Sonic Academy ANA Review (Free Presets Inside)


In my line of work, I’ve had a lot of synths come across my desk. As such, I feel I can offer a review that shows what makes a particular synthesizer unique from the rest, and make comparisons between it and other synths people would be familiar with.

My first impression of ANA? It could use a better GUI, but I realized pretty quickly that this is a quality product. For the price, it’s a hell of a deal – 49.95 UK Pounds. That translates to about $75 USD. I just wish there was a way to resize the GUI. The text sure is hard to read!

I like the the unison feature in ANA. Sounds really good, and the “Detune Shaper” knob allows you to change the character of it. After setting Osc 1’s voices to “8” and experimenting with the Detune and Detune Shaper knobs, I got a range of different supersaw flavors. It would be nice to have parameter values randomized per key press, but I don’t see that anywhere. Assigning something like that to unison detune would help in emulating those old synths a bit more closely.

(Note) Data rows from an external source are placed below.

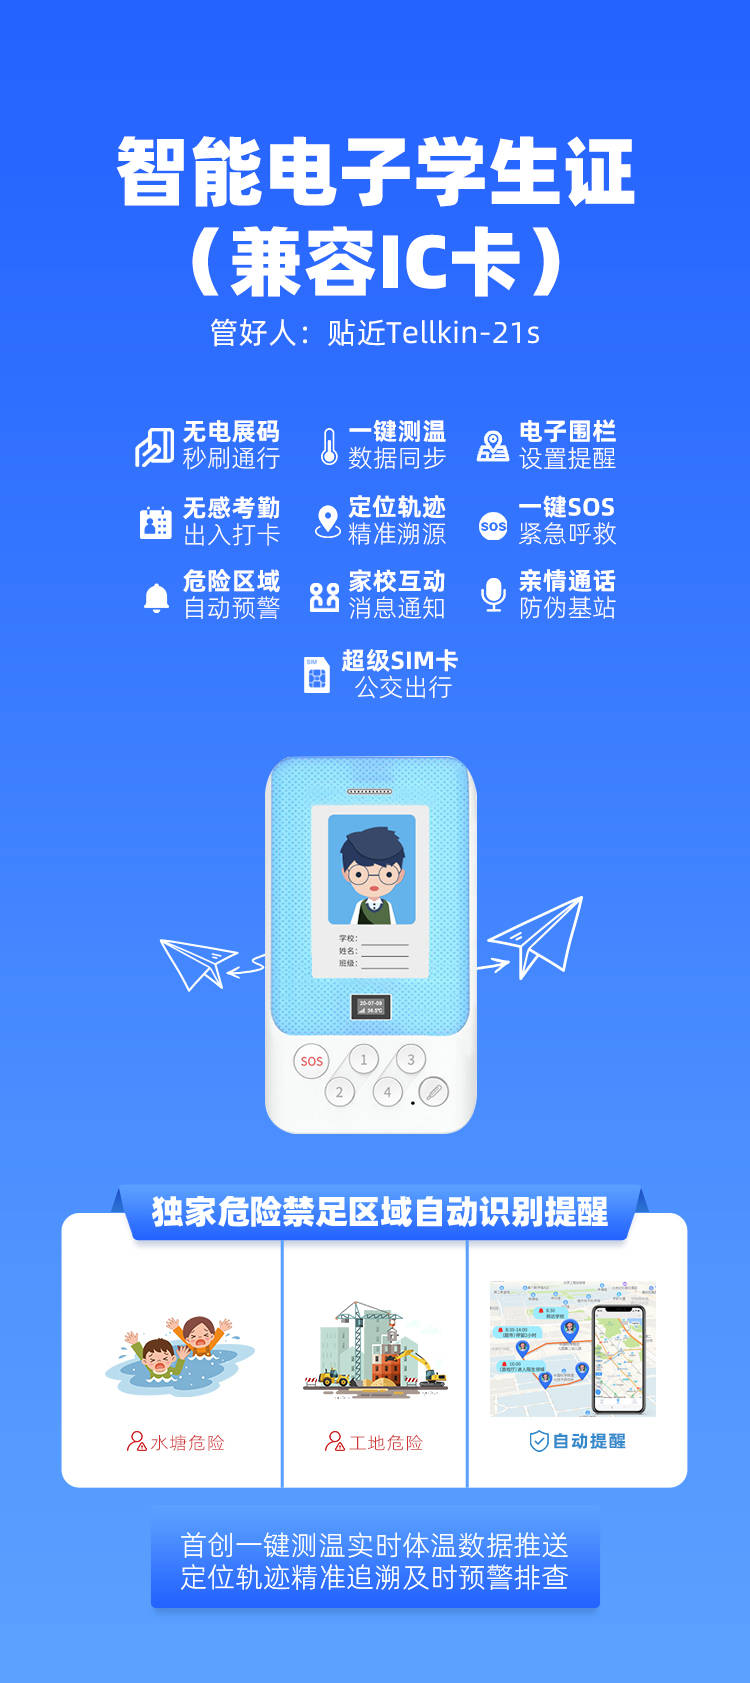 此外,上学啦科技研发的电子学生证还打通了中国移动超级sim卡,支持200
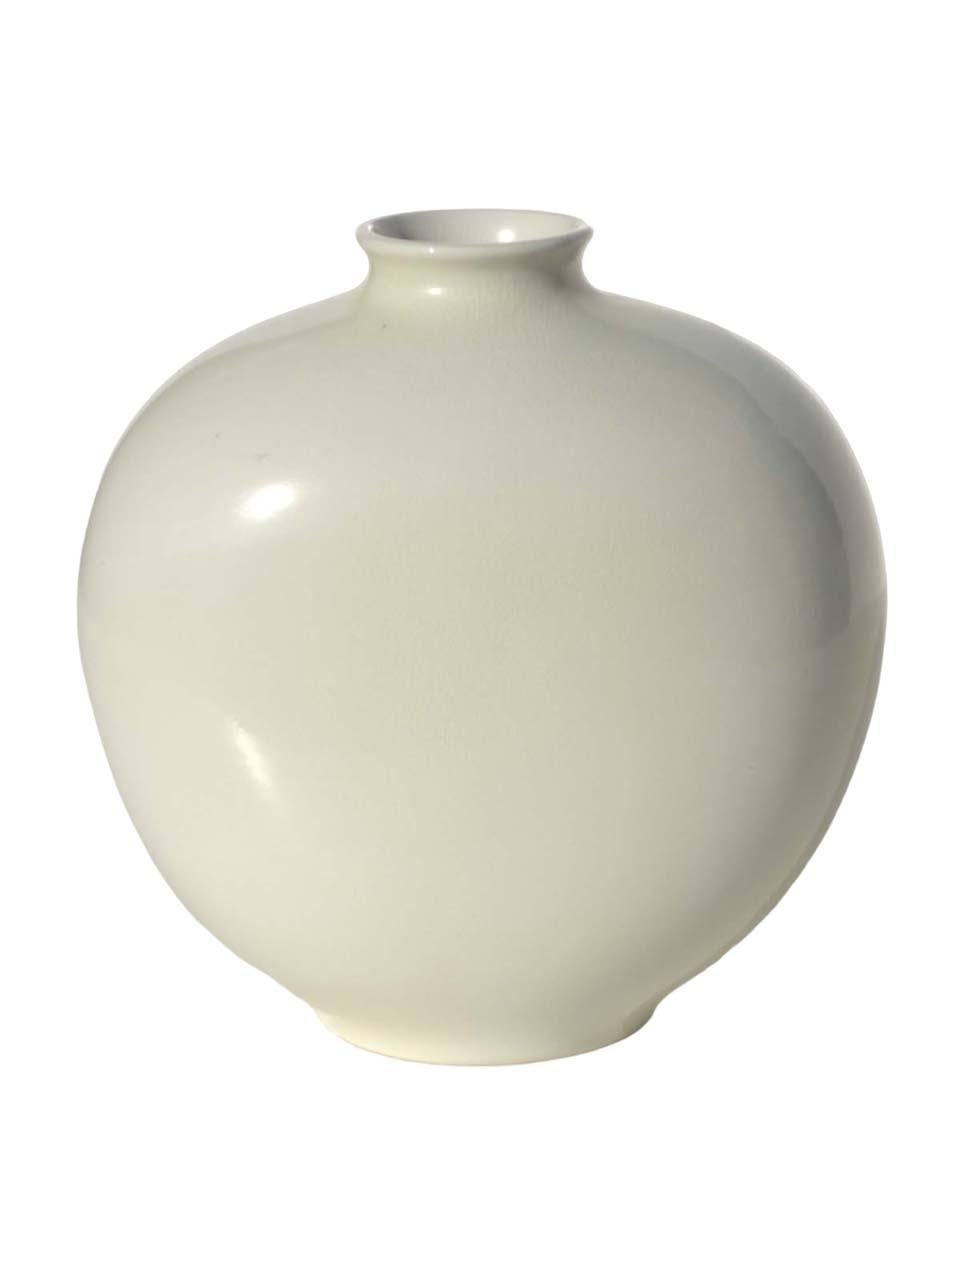 Giovanni Gariboldi
Ginori _ San Cristoforo
1940s

Vase en céramique blanche
Décoration

I like how the delay effect allows for very small values, which is great for adding a more subtle bit of depth to the sound. I often like the sound of this better than just adding stereo unison or a chorus effect. As a big fan of dub style delays, I’m also glad to see that the delay parameters can be modulated with the LFOs and envelopes for those trippy special effects.

You have six oscillators in total: three “Virtual Analog” oscillators, two “Noise” oscillators, and an “Attack” oscillator. The noise oscillator has more than just white and pink noise. It’s more like a texture generator, which has a good size list of different rompler type samples for adding extra dimension to your sound with minimal effort required. Same applies to the Attack oscillator. You have a list of various attack samples for adding that extra “snap” to your sound.

I’m not seeing any obvious way to import your own WAV files into ANA. That would be a really good feature for the developer to add, as I would love to throw some custom made samples into those Noise oscillators. Finding the directory where the waveforms were was a bit tricky, and they are in PCM format. It looks like you should be able to convert your WAV files to PCM format with other software, then put them in ANA’s “Tables” folder, but I haven’t gotten around to trying it yet.

I really like the fact that ANA has a chord learn function. Fans of those house chord stabs would love this. Just press the chord learn button, enter up to five notes, and hit the button again. Voila!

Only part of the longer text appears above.